RFC 6 Static, Unit and Integration testing

Authors: M. Ubeda Garcia

Last Modified: 15/VI/2012

This proposal comes along with the usage of the Continuous Integration tool Jenkins .

The "raison d'être" of this proposal is the lack of standardized tests at any level in the DIRAC framework. Or with other words, put together all bits of code running tests and launch then on a coherent way. The sooner the errors are spotted in the development / testing phase, the better. Therefore, it requires different approaches and granularities in which concerns tests.

In this proposal there are three testing level described: static , unit and integration . We omit system testing and system integration testing as they will need a requirements specification we are lacking now.

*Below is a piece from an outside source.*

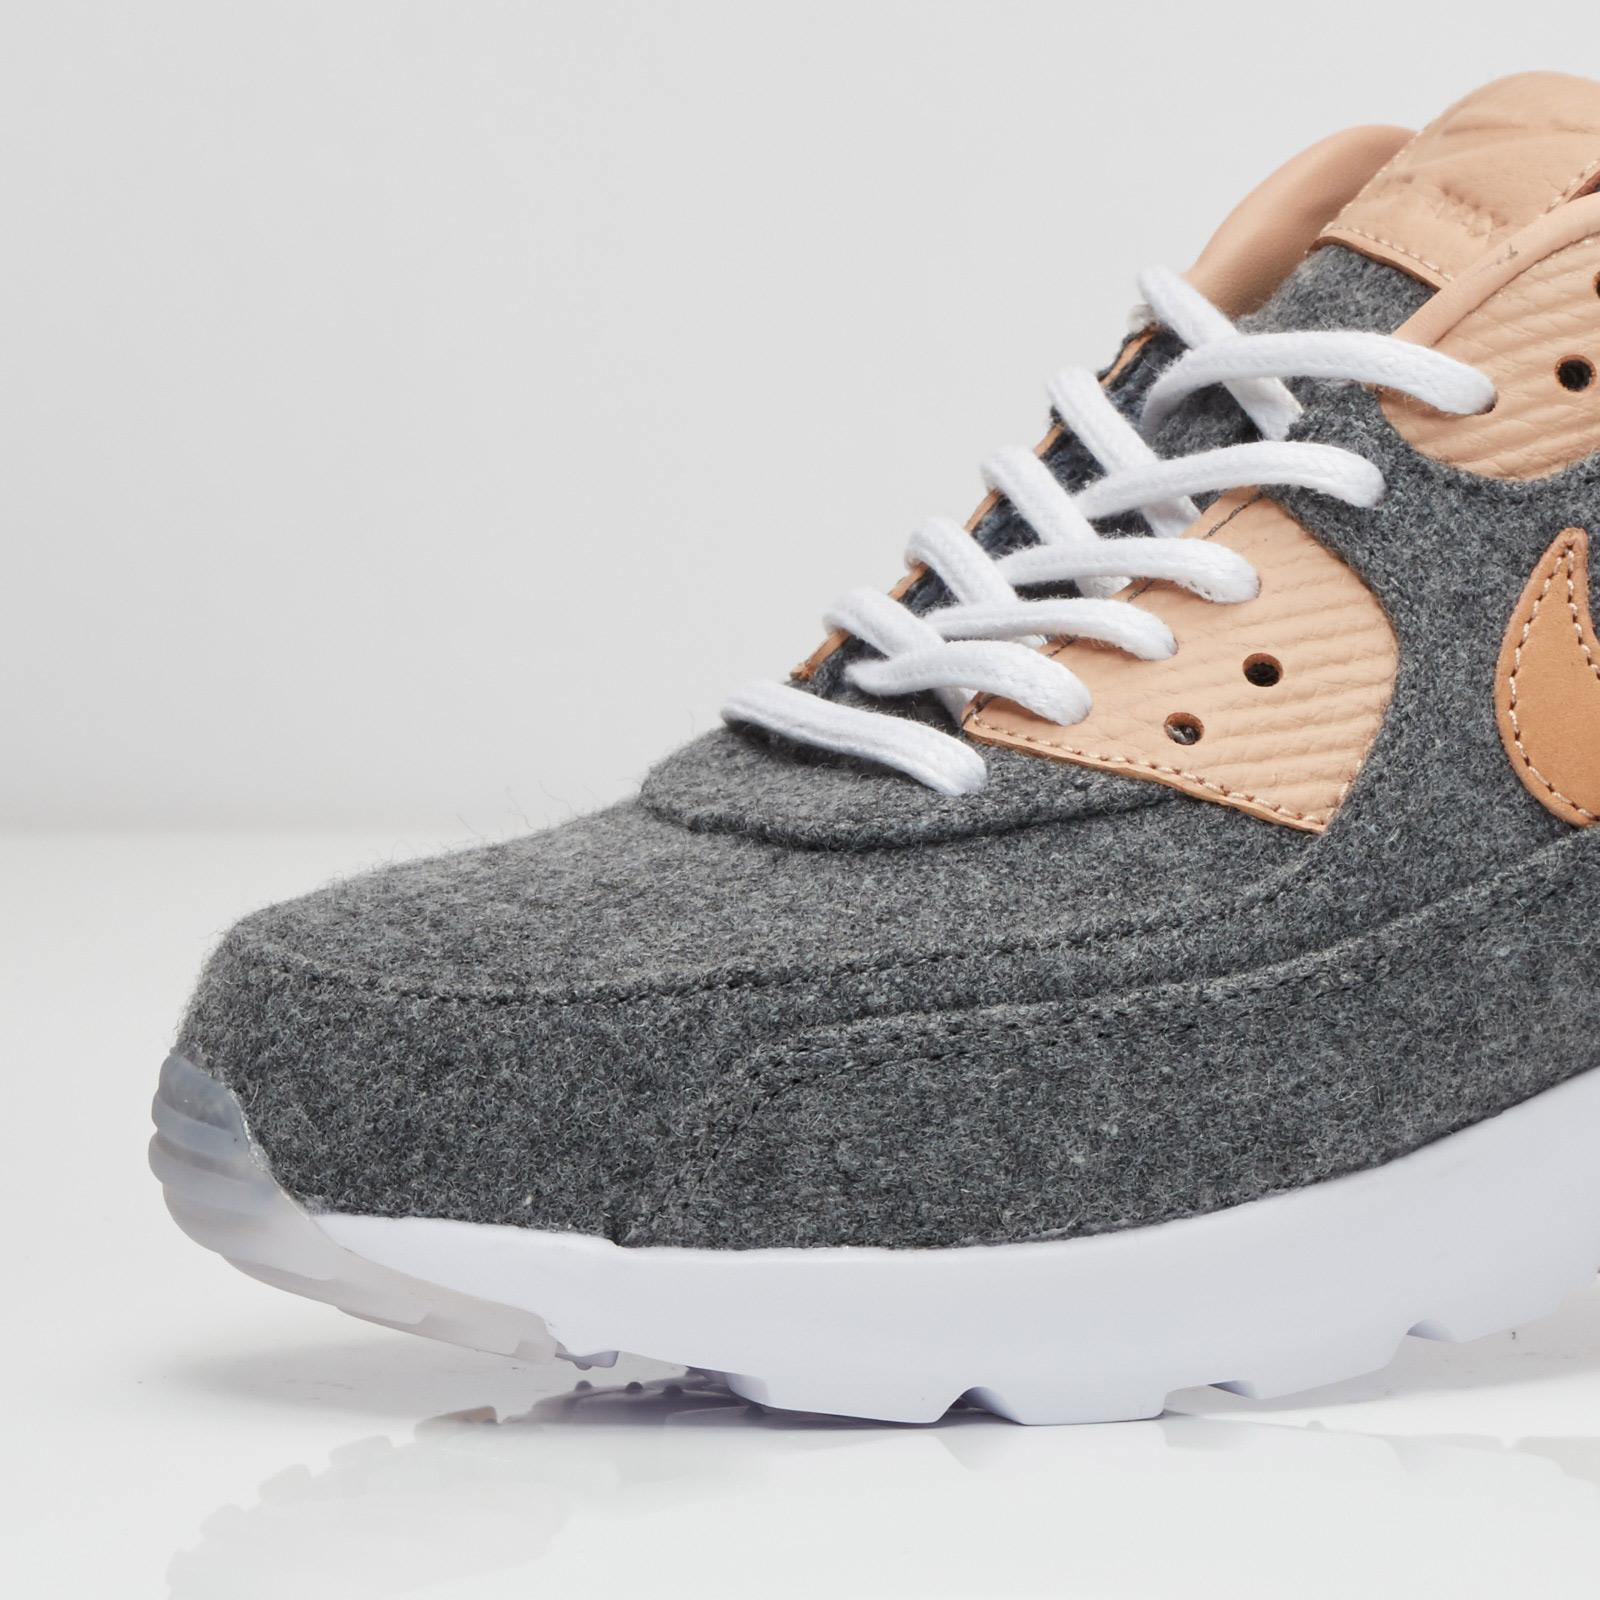 a78d613eced7 Nike Wmns Air Max 90 Ultra Premium - 859522-001 - Sneakersnstuff ...

You can find the running prototype used for LHCbDirac here - use your NICE credentials to log. We understand that this prototype is "living" in an LHCb environment. LHCb is willing to volunteer in maintaining such prototypes. Access from members of other VOs would be guaranteed, if requested.

TESTS

Static Analysis

Every developer MUST ensure there are no bugs, typos on the code. That is easily achievable and can be argued that no external tool is needed to do such thing. Certainly true, but as there is a specific DIRAC code convention , all developer must follow it, which it is not always the case.

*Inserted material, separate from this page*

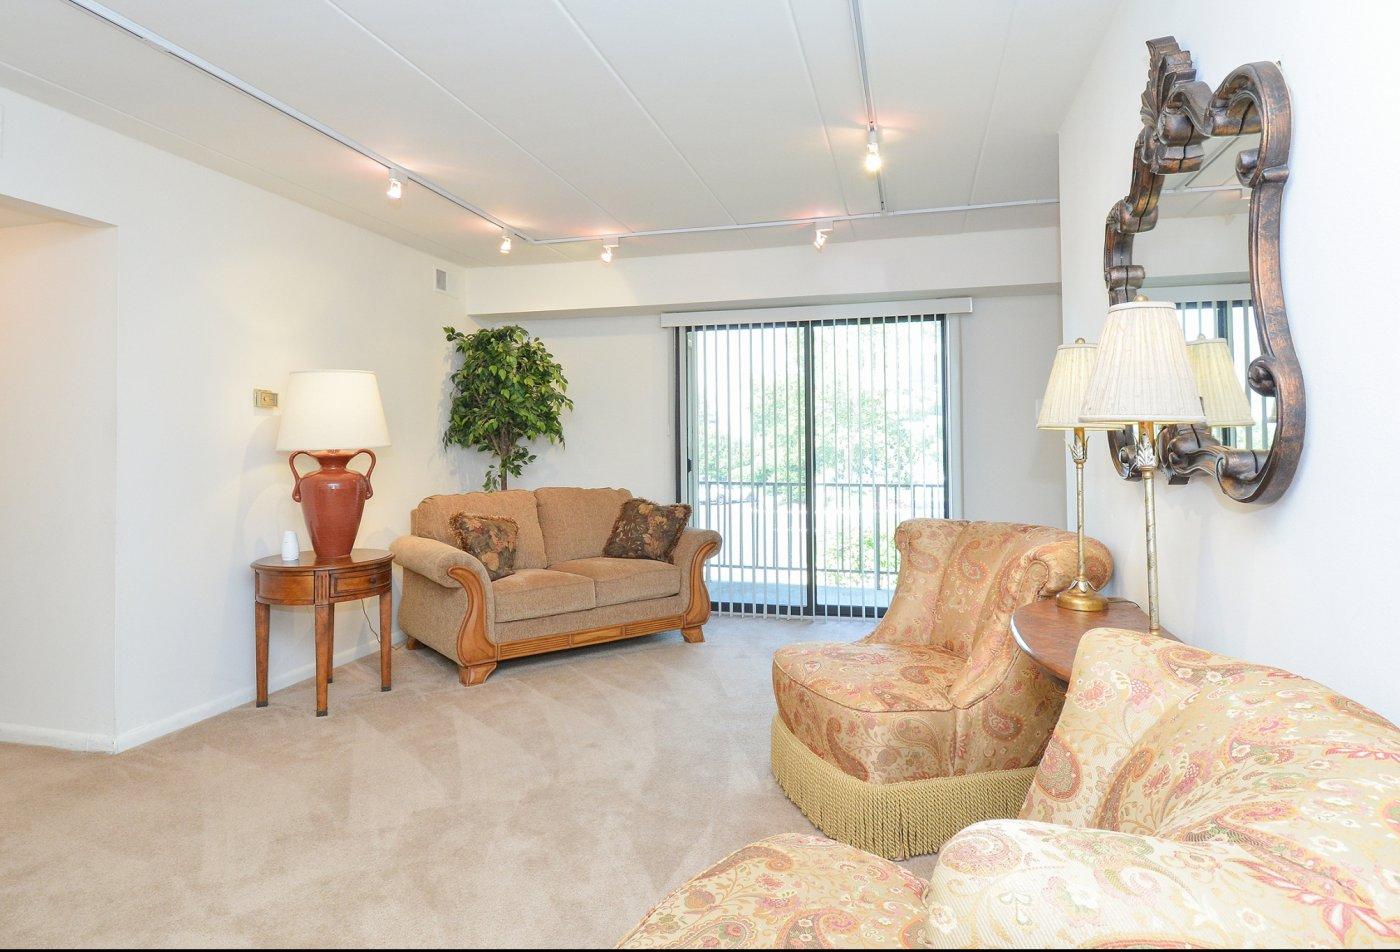 Spacious Living Room   Apartments in Wilmington, DE   Fairway Park Apartments & Townhomes

This step ensures the quality of the code written by developers. More interesting is the check for bad programming practices, such as the usage of mutable objects as defaults in the methods, or the well known 'catch Exception'. Just two examples, but under certain conditions can hide real problems ( or introduce a problem on a perfectly healthy code ). Sometimes small checks like these can spot unimaginable amounts of errors..

The proposed tools are:

pyLint : is a source code bug and quality checker for the Python programming language. It follows the style recommended by PEP 8 , the Python style guide.
clonedigger : aimed to detect similar / duplicated / cloned code in Python programs.
sloccount : set of tools for counting physical Source Lines of Code (SLOC)
cyclomatic complexity : analyzes the linearly independent paths through a program.

The first one ( pyLint ) is already running , and shows there is a LOT of work to do. Putting the others in place is not a time consuming task, but until the first tests are not successful there is no point on moving forward. It shows h ( high ), m ( medium ) and l ( low ) warnings. The first ones are bugs, which must be fixed straight away. The second ones are usually bad coding practices, which can be dangerous. The last ones are warnings about missing documentation mostly.

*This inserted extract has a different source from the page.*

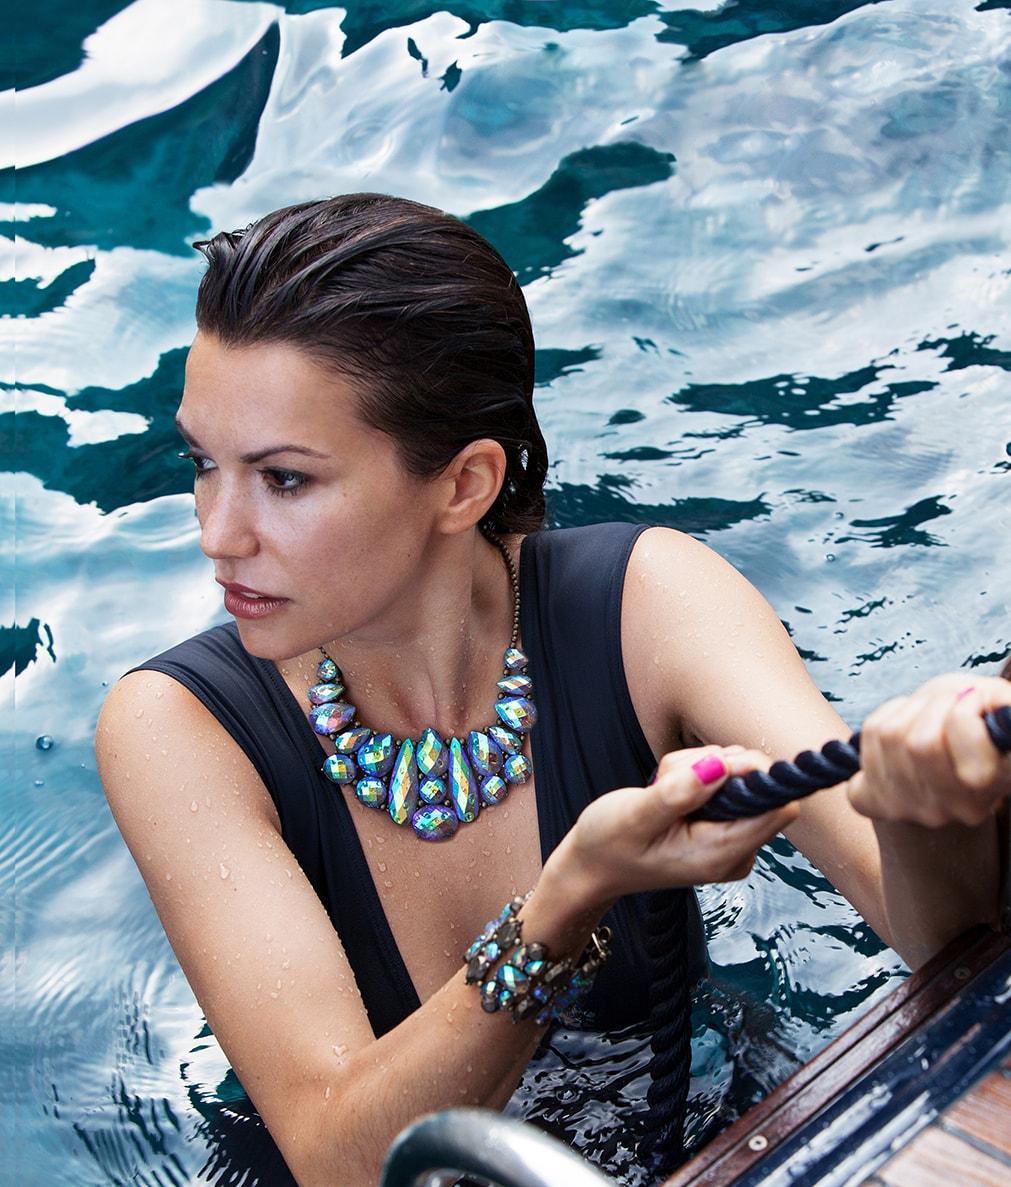 victoria-munoz-photo-commercial-22

clonedigger, sloaccount and cyclomatic complexity are not running, neither they have been actively tried out. Possible actions on them will come out as part of this RFC.

Unit tests

Unit tests must be able to run without having a database back-end, a service up and running or an agent running. They test the simplest pieces of code although this is not always easy. Unit tests are a very good indicator of spaghetti code - it there is no way to write a unit test for a function, would be better to rewrite it and save future headaches.

When developing, it must be taken into account that writing tests takes in average as much time as writing the code. ( IMHO ) there is no reason to not write them. Concerning code already experienced, this point is subject to discussion.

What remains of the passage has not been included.